Comment

If you stop by The Bubble, leave us a note - write on our wall - say Hi!

Tuesday, May 1, 2012

Southerners

one of my employees thought i would enjoy this email that had circulated, and i have - thought i'd share with you too!  And I can testify (which they do here a LOT) that these are the gospel truth!

Suthunuhs! (Southerners)

Southerners know their vacation spots:
the beach
the rivuh
the crick

They know everybody's first name:
Honey
Darlin'
Shugah

Southerners KNOW their religions:
Bapdiss
Methdiss
Football

Cities dripping with Southern charm:
Chawl'stn
S'vanah
Foat Wuth
N'awlins
Addlanna

Southern girls know their prime real estate:
the mall
the country club
the beauty salon

And southern girls know the 3 deadly sins:
having bad hair and nails
having bad manners
cooking bad food

Only a Southerner knows the difference between a hissie fit and conniption fit - 
and that you don't 'have' them, you 'pitch' them.  (And my staff 'sho do know how to pitch bof of 'em!)

Only a Southerner knows how many fish, collard greens, turnip greens, peas, beans, etc. make up 'a mess'

Only a Southerner can show or point out to you the general direction of 'yonder'

Only a Southerner knows exactly how long 'dreckly' is - as in 'going to town, be back dreckly'  (translation: directly)

Only a Southerner knows instinctively that the best gesture of solace for a neighbor who's got trouble is a plate of hot fried chicken and a big bowl of cold potato salad.  If the neighbor's trouble is a real crisis they also know to add a large banana puddin'!

Only Southerners grow up knowing the difference between 'right near' and 'a right far piece.'  They also know that  'just down the road' can be 1 mile or 20.  (I learned this 'just down the road' measurement when I was looking for a place to stay!  And I learned it the hard way...  let's just say that more than one of my neighbors has seen 'that nothunuh in the whaat car' looking confused in a parking lot along Rt 119).

Only a Southerner both knows and understands the difference between a redneck, a good ol' boy and po' white trash.

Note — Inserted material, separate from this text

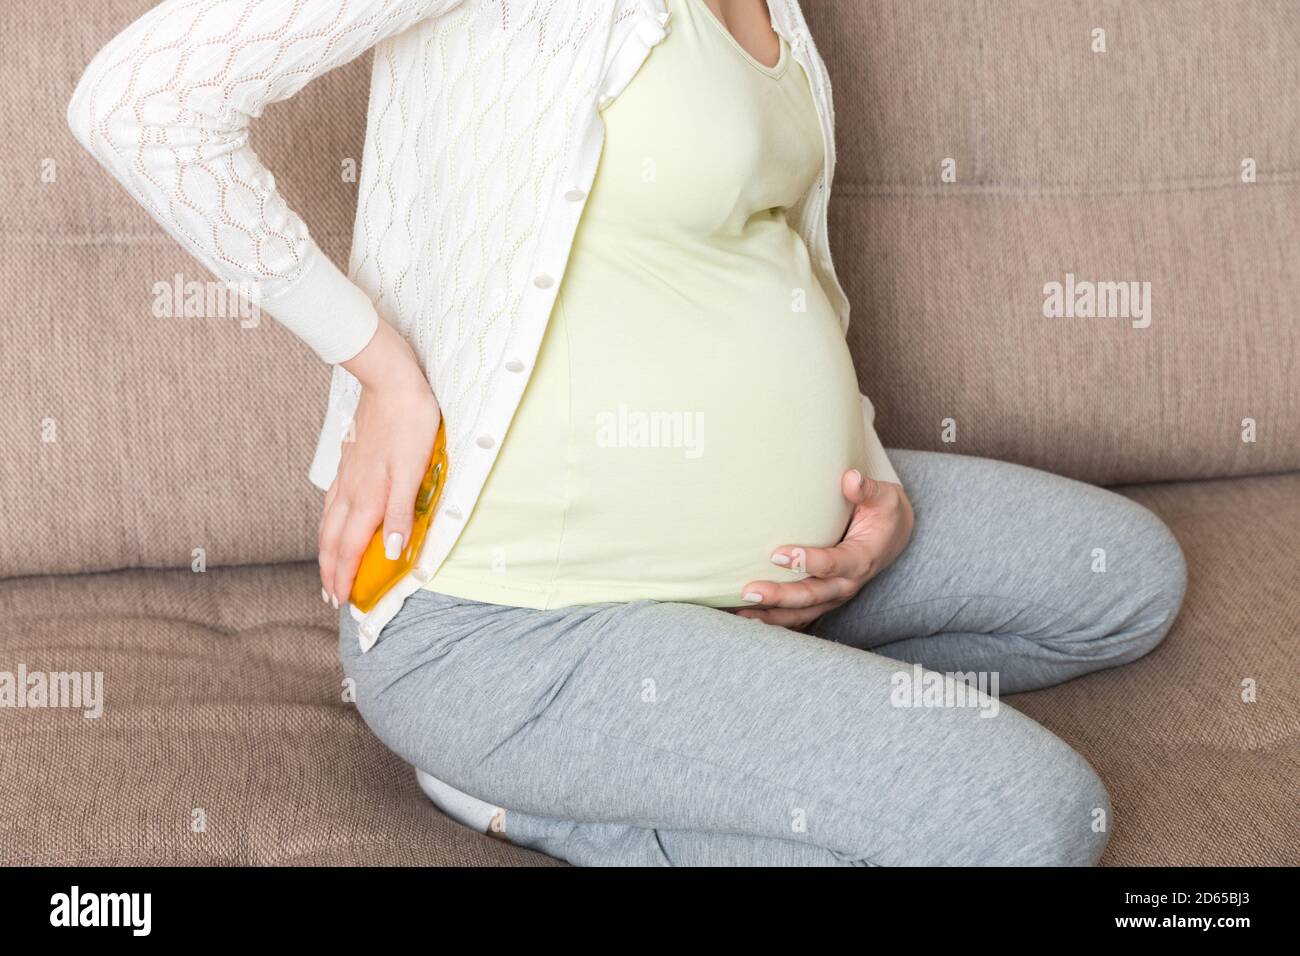 Schwangere Frau leiden unter Rückenschmerzen hält eine heiße Flasche oder einen warmen wärmer gegen ihren Rücken. Konzept schwangere Frau Lebensstil und Gesundheitsversorgung. Stockfoto

No true Southerner would ever assume that the car with the flashing turn signal is actually going to make a turn!  (HELLO!)

A Southerner knows that 'fixin' can be used as a noun, a verb or an adverb.  (this makes the college professor in me twitch!  or perhaps i'm fixin' to pitch a fit!)

Only Southerners make friends while standing in lines - and when they're 'in line' they talk to everybody!

Put 100 Southerners in a room and half of them will discover they're related, even if only by marriage.

In the South "y'all" is singular, "all y'all" is plural.

When you hear someone say, 'Well, I caught myself lookin'' you know you are in the presence of a genuine Southerner.

And a true Southerner knows you don't scream obscenities at little old ladies who drive 30 MPH on the freeway.  You just say 'bless her sweet little heart' and go your own way.

There ain't no magazine named 'Northern Living' for good reason.  There ain't nobody interested in livin' up north, nobody would buy the magazine!

And the email closed with this note...  Now Shugah, tell all this to someone who was raised in the South, or wishes they had a'been.  If you're a Northern transplant, bless your little heart, fake it.  We know you got here as fast as you could.


I can never express to you the level of truth in this - and how much more amusing this place has become now that I know some of the language!!!